Using OOD’s Interactive Apps

There are a number of applications that you can access and use through the OOD web portal. When you select an application and click launch, the scheduler (Slurm) allocates a compute node with a predetermined number of cores and amount of memory. The default time for running any of the applications is one hour. It is recommended that you keep the default. If you ask for more than one hour, you will need to wait for Slurm to allocate a resource that can run for your requested time, which could take a long time to be allocated, depending on how busy the cluster is.

If you are attempting to run a job on one of the interactive apps on OOD that launches a graphical user interface (GUI), such as Maestro, you might get an error if your passwordless ssh is not set up correctly. See Using X11 for tips and troubleshooting information opening applications that use X11 forwarding.

Available Apps (June 2020)

  • Jupyter Notebook (includes Python 3 and R 3.6.1 kernels)
  • RStudio
  • SAS
  • Gaussian
  • Schrodinger (Maestro)
  • Comsol (restricted to license owners)


Some apps are reserved for specific research groups and are not for general access. If you get an access error when attempting to open an app, and you believe that you should have access to it, please email with your username, research group, the app you are trying to access, a screenshot of the error that you are getting, and we will look into the issue.

  1. In a web browser, go to If prompted, enter your myNortheastern username and password.
  2. Select Interactive Apps, then select the application you want to use.
  3. Accept the default of 1 hour, and click Launch. You might have to wait a minute or two for a compute node to be allocated with your requested time and resource.
  4. If you selected Jupyter Notebook, click Connect to Jupyter.
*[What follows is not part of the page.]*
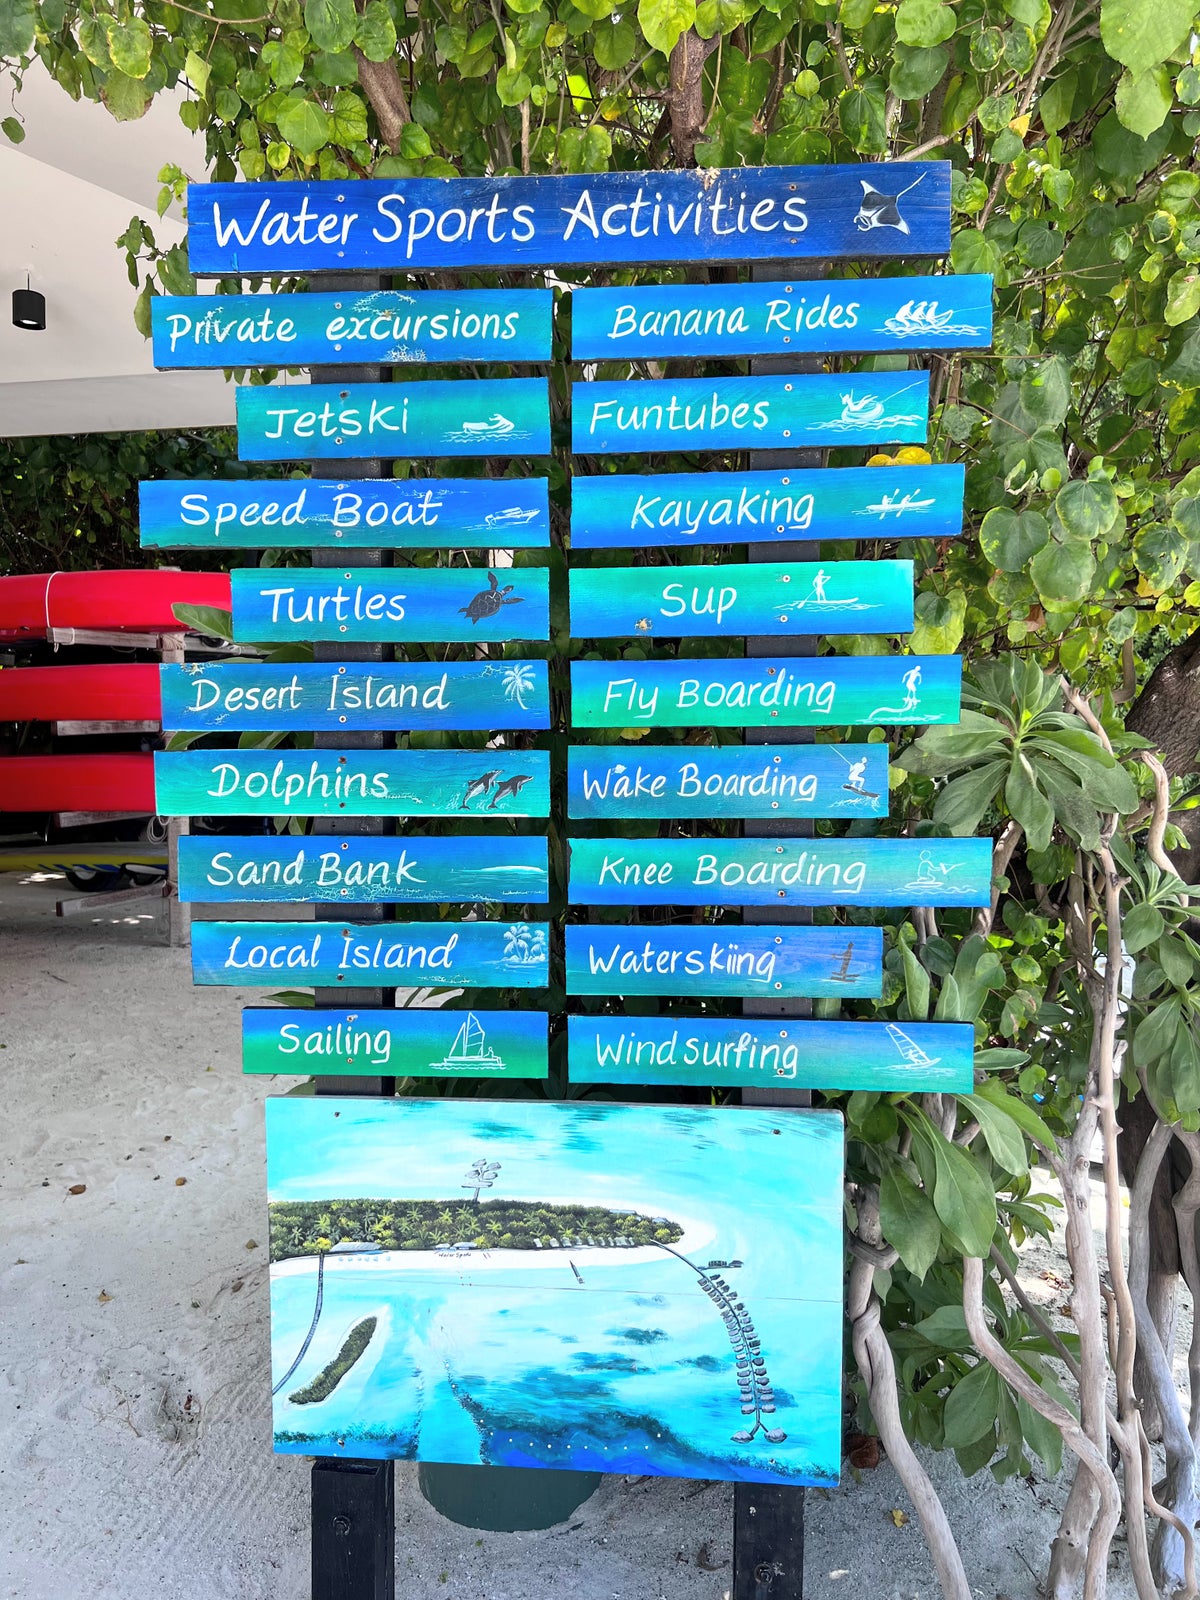 Water sports activities sign

A Jupyter Notebook opens in a new tab on your browser.


On the Jupyter Notebook Home tab, click New, then select the kernel you want to use, such as Python or R. Your selected kernel opens in a new tab on your browser. Click the Running tab to see a list of what Notebooks you already have running. If you already have a Notebook saved to your home directory, on the Files tab, click the name of the file to restart the Notebook in a new tab on your browser.

Working with Jupyter Notebook [Custom Anaconda Environment]

One of the interactive apps on OOD is Jupyter Notebook Custom Anaconda Environment. You need to do some initial setup in order to use this app effectively. This section will provide a walkthrough of setting up and using this app. The general workflow is to first create a virtual python environment; ensure that Jupyter Notebook is installed in your virtual environment; and then reference this environment when you start the Jupyter Notebook [Custom Anaconda Environment] OOD interactive app.

Virtual python environment

  1. First set up a virtual python environment. See Creating a Conda virtual environment with Anaconda for how to set up a virtual python environment on Discovery using the terminal.
  2. When your environment is ready, in the terminal type source activate to activate the base environment.
  3. Type which conda to get the full path of your environment. Make a note of the full path name.
  4. Type source activate <yourenvironmentname> where <yourenvironmentname> is the name of your custom environment to activate the environment you just created.
  5. Type conda install jupyterlab to install jupyterlab in your environment.

Using OOD to launch Jupyter Notebook

  1. Go to
  2. Click Interactive Apps, then select Jupyter Notebook [Custom Anaconda Environment].
  3. Select the compute node features for the job:
  • In the Time field, enter the number of hour(s) needed for the job. Minimum is one hour, maximum is 8 hours.
  • In the Memory (in Gb) field, enter the amount of memory you need for the job. Minimum is 2GB, maximum is 128GB.
  • If you need GPU, check Use GPU box.
  1. Select the Anaconda version that you used to create your virtual python environment in the System-wide Conda Module field.
  2. Check Custom Anaconda Environment box, and enter the name of your custom virtual python environment in the Name of Custom Conda Environment field.
  3. Click Launch. This will put you in the queue for a compute node. Note that this might take a few minutes, depending on the resources you requested.
  4. When you have been allocated a compute node, click Connect to Jupyter.

When your Juypter Notebook is running and open, type conda list in a cell and run the cell to confirm that the environment is your custom conda environment (you should see this on the first line). This command will also list all of your available packages.